There is no evidence about an association between inflammatory markers and CIMT after adjustment for conventional cardiovascular risk factors including obesity in elderly. The present study demonstrated an association between inflammatory markers and subclinical atherosclerosis. Although the immune system is involved in every stage of atherosclerotic disease, CRP and fibrinogen remain low in the early stage and tend to increase as atherosclerosis progresses.35 Therefore, fibrinogen and CRP indicate the extent of the atherosclerotic burden and help predict cardiovascular events.4,10,11,35,36 This study showed that H-FABP was associated with other factors (hs-CRP and CIMT). It was suggested that these proteins are involved less in early plaque development than fibrinogen. CIMT measurement is a precursor to very serious symptomatic disease;37,38,40 thus, it was not useful for assessing atherosclerosis in early atherosclerosis. Such factors as muscle wasting and renal insufficiency25 should not be overlooked when interpreting H-FABP values, especially in the elderly.

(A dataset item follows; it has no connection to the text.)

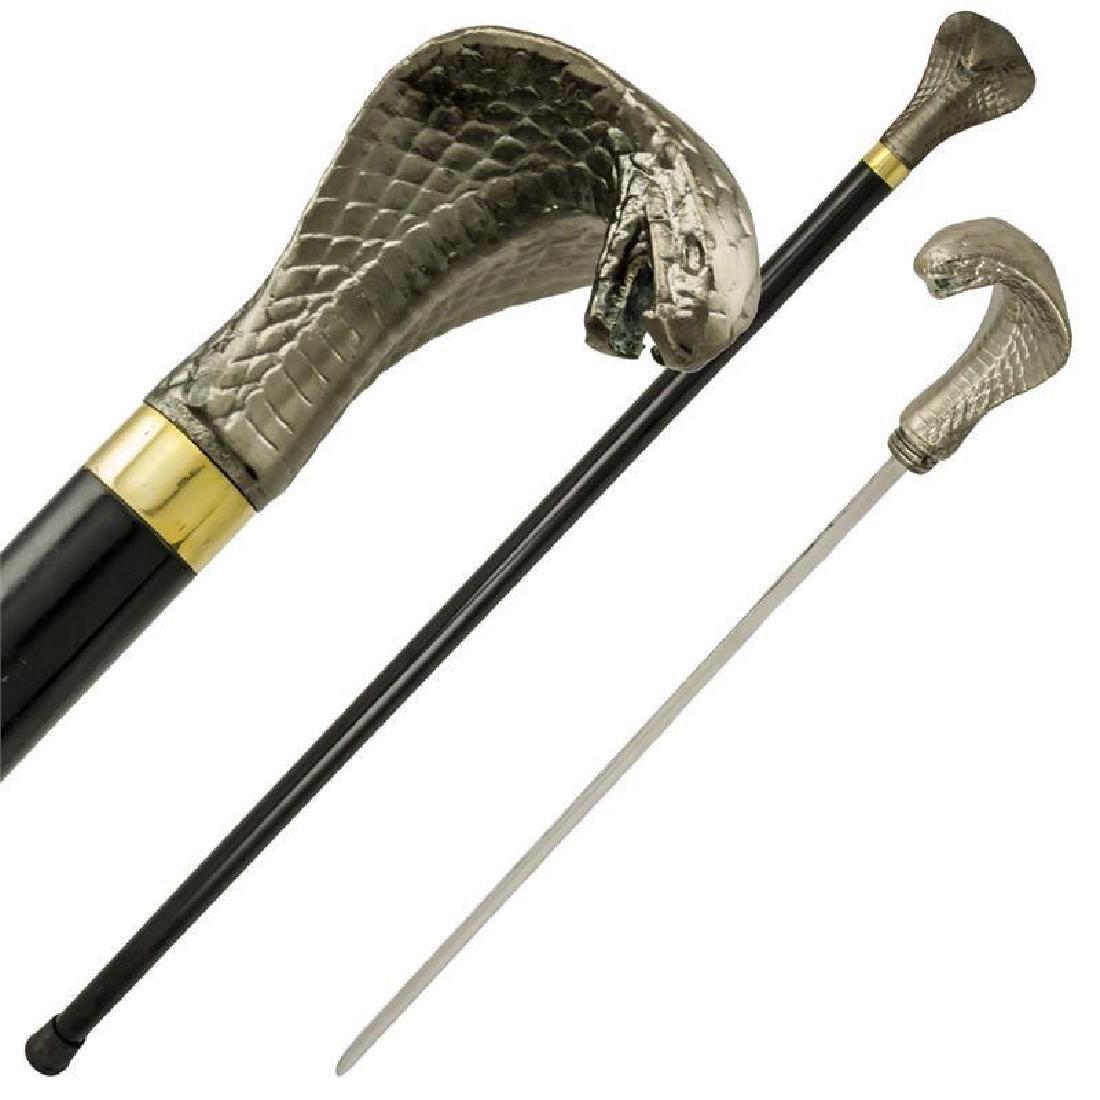 Cobra Head Walking Cane Sword
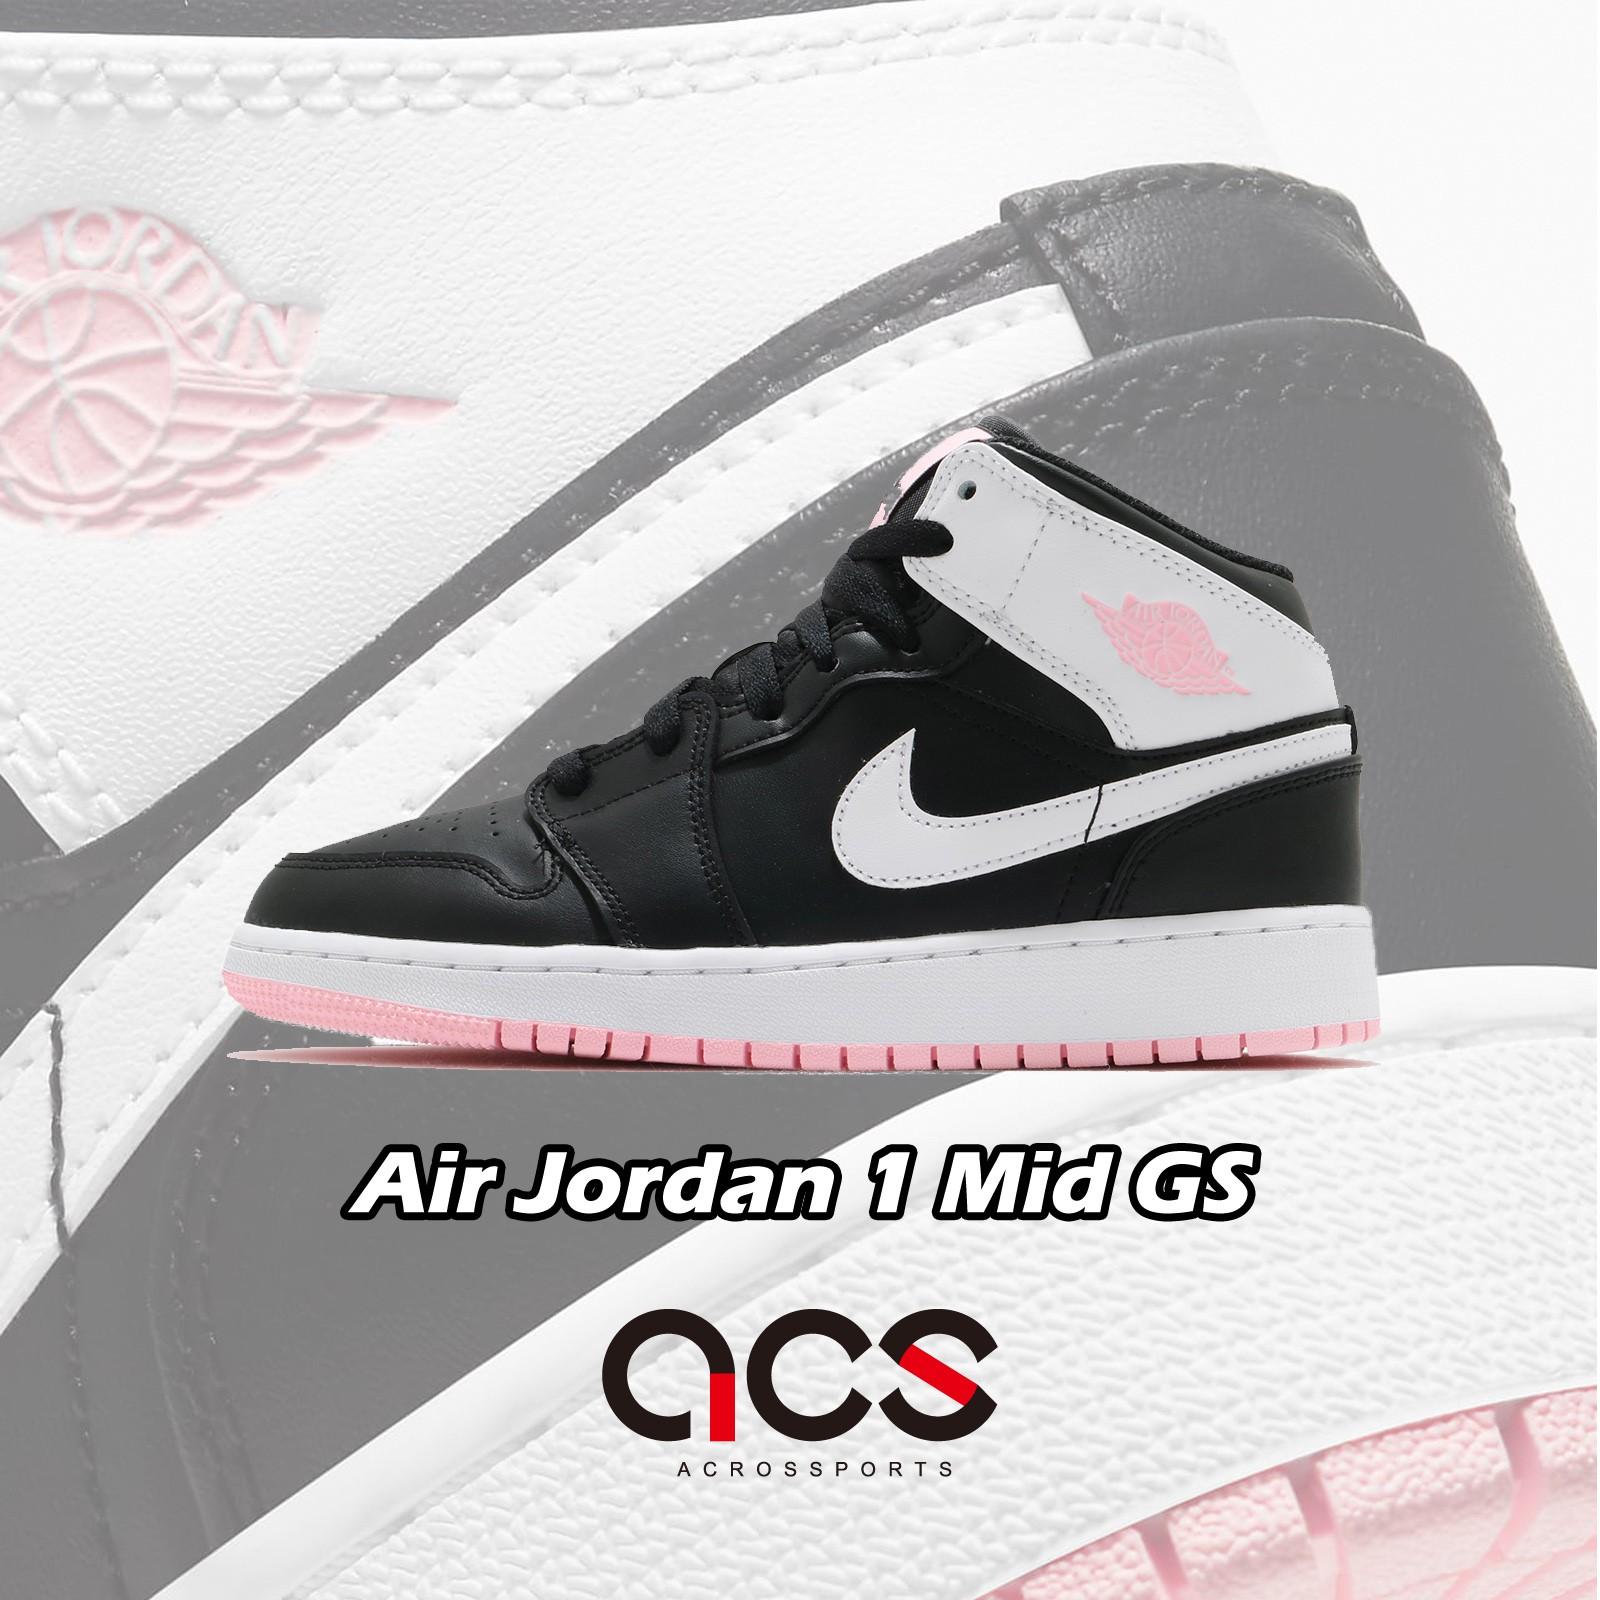 Nike Air Jordan 1 Mid GS 黑 白 粉紅 熊貓 大童鞋 喬丹 女鞋【ACS】 555112-061

CVD-related mortality and morbidity and the causal relationship could not be determined in this cross-sectional study. The H-FABP level was not different in elderly diabetic patients and elderly nondiabetic patients; this result might have been caused by the limited number of subjects included in the study. In this respect, larger prospective studies are needed that will investigate the potential association between H-FABP and conventional cardiovascular risk factors, inflammatory markers and atherosclerosis. These are limitations of this study.
Limitations of H-FABP that prevent its widespread utilization as a diagnostic marker include the following: it is present in both cardiac and skeletal muscles, thus has a limited cardiospecificity; it has a narrow diagnostic window and it might end in false high values in the case of renal insufficiency.14,16,25–27 In the present study, H-FABP, a marker of myocardial ischemia, did not differ between elderly diabetic patients and elderly nondiabetic patients. Nevertheless, univariate analysis showed that H-FABP was associated with the marker of inflammatory (hs-CRP and fibrinogen) and subclinical atherosclerosis (CIMT) in elderly diabetic patients. Multivariate analysis showed that H-FABP was independently associated with fibrinogen in elderly diabetic patients, and H-FABP levels were higher in patients with higher fibrinogen levels. Thus, H-FABP does not possess a high diagnostic value as a cardiovascular marker when used alone; however, it may add supplementary information in patients with a high fibrinogen level.
The authors report no conflicts of interest in this work.